Acil durumlarda görevli memur ikna edilebilirse şayet, ambulans çağrılıyor.
Çoğu zaman görevli memur ya da memurları ikna etmek bile, birkaç saate malolduğundan; durumun aciliyeti fiilen acil olmaktan çıkarılmış oluyor.
Diyelim ilgili memuru çok kısa sürede durumun aciliyetine ikna ettiniz.
O koşulda bile en iyi halükarda ambulansın gelmesi yarım saati buluyor ya da aşıyor.
Bunun durumu acil olan bir hasta için ölüm demek olduğunu eğip-bükmeden teslim etmek gerekiyor.
Özellikle de kalp krizi, beyin kanaması gibi durumlarda hakikaten tutsakların yaşama şanslarını hapishane koşulları otomatikman ellerinden alıyor.

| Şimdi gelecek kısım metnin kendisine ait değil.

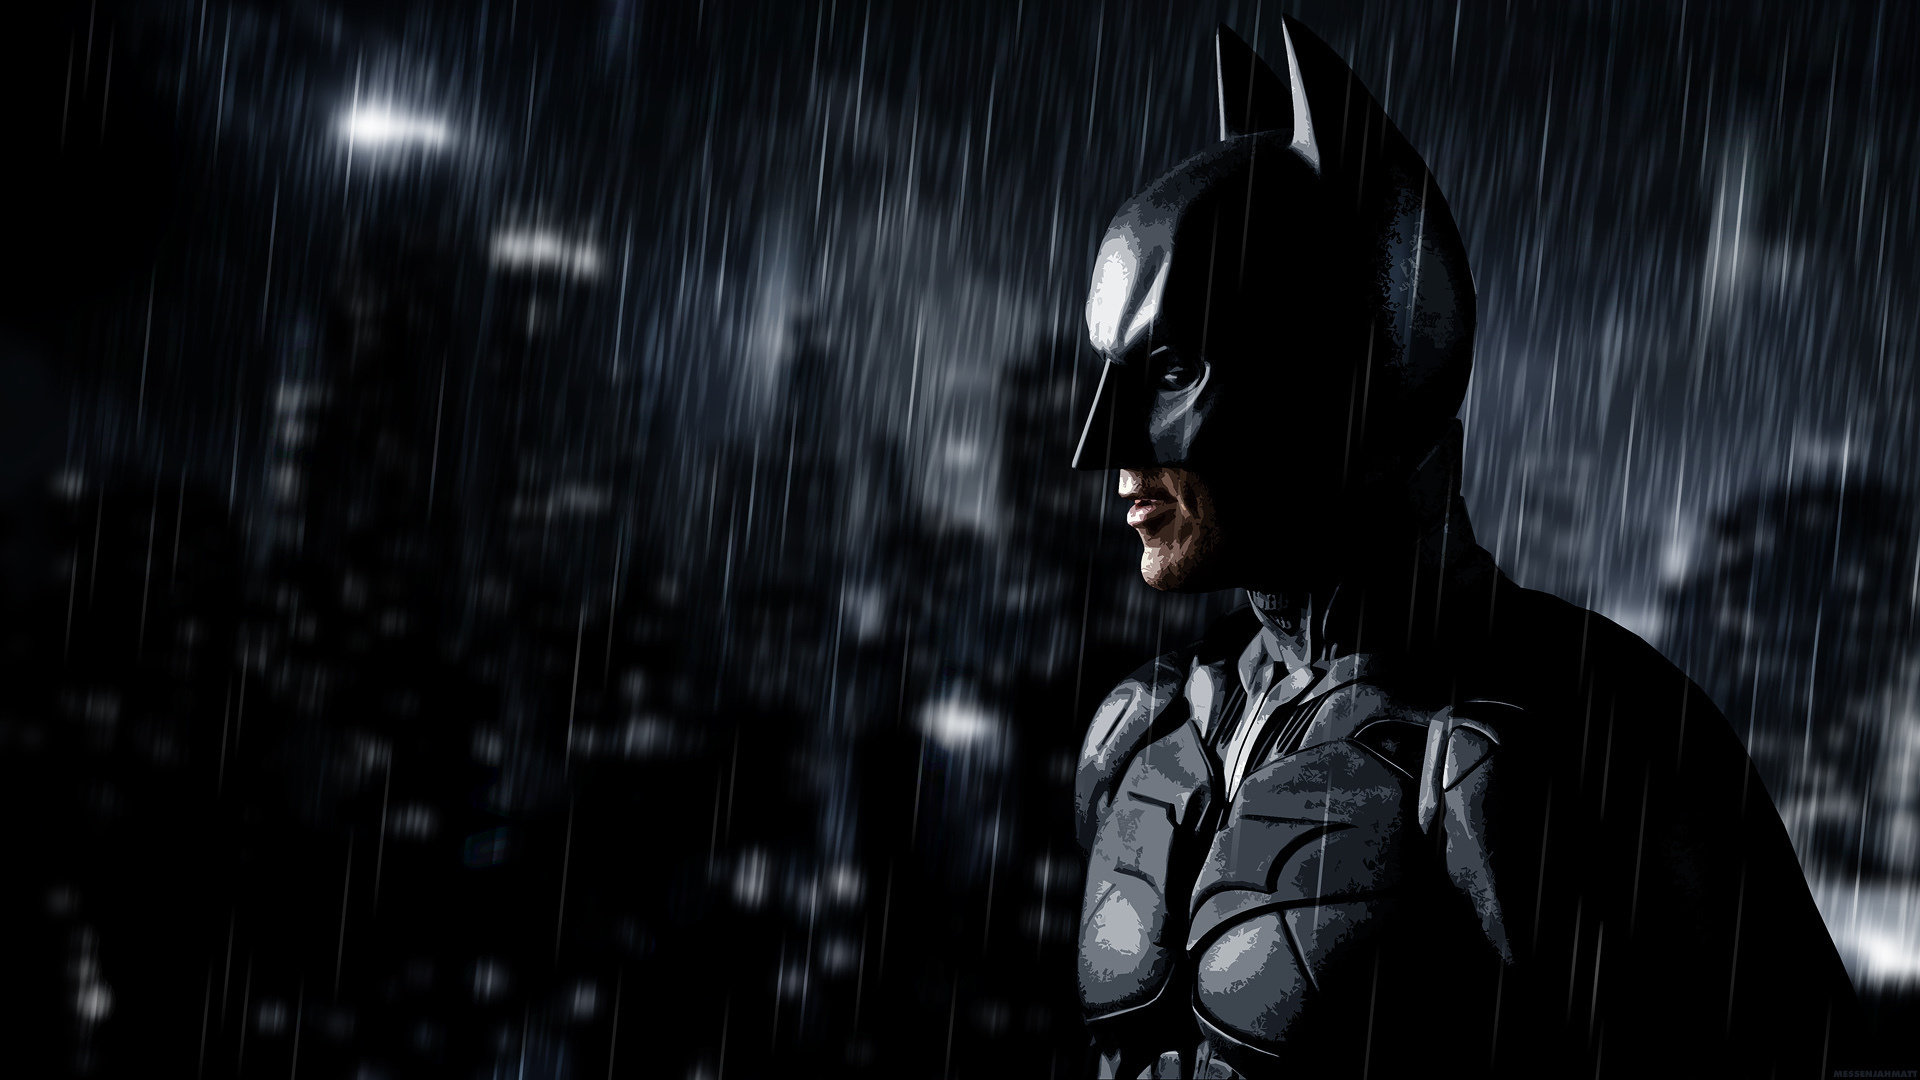 The Dark Knight Rises wallpaper HD for desktop background

Çok değil, birkaç hafta önce 30 Mart gecesi Kırıkkale Hacılar F Tipi Hapishane’de PKK’li tutsak Aram Akyüz ambulansın geç gelmesi üzerine geçirdiği kalp krizi sonucu hayatını kaybetti.
Ve ne yazık ki, hapishanede ölümlerin istatistiği çıkarıldığında; ihmal, geç müdahale sonucu ölümlerin bir istisna olamadığı görülecektir.
Hapishanelerde çözülmeyen sağlık sorunlarının bir yanını bunlar oluştururken, diğer yanını da hasta tutsaklar sorunu oluşturuyor.
İlgili kurumların raporlarına göre, hapishanelerdeki hasta tutsak sayısı 500’ün üzerinde.
Bunlardan 164’ünün durumu ise çok acil.
Ölüm sınırına ulaşmış ya da acilen müdahale edip, gerekli tedavi koşulları sunulmadığında bir ölüm yolculuğuna doğru iteklenen arkadaşların durumları devletin intikamcılıkta ulaştığı düzeyi göstermektedir.
Ve ne yazık ki, bu konuda duyarlılık gösterip, hasta tutsakların derhal tahliye edilmesi gerektiğini gündemleştirmeye çalışan İnsan Hakları Derneği (İHD), Tutuklu Hükümlü Aileleri Hukuk Dayanışma Dernekleri Federasyonu (TUHAD-FED) ve Tutuklu ve Hükümlü Aileleri ile Dayanışma Derneği (TAYAD) gibi kurumların eylemlerine katılımın duyarlı tutsak aileleri ile az sayıda duyalı insan halkaları savunucusu, aktivistiyle sınırlı olması dikkat çekici olduğu kadar üzücüde!
Hasta tutsakların tahliye edilebilmesi için çıkarılan yasanın çifte standartçı bir şekilde uygulanmasına bile tepkiler o kadar cılız ki!
Oysa Adalet Bakanlığı, mahkeme ve savcılıkların bu yasayı uygulaması için bir basınç, kamuoyu baskısı şart!
Aksi taktirde hapishanede yaşamını yitirenlere yenileri eklenirken, hasta tutsakların yaşam haklarının ellerinden alınmasına seyirci kalmak ve devletin suçuna ortak olmak kaçınılmaz olacaktır! (FE/HK)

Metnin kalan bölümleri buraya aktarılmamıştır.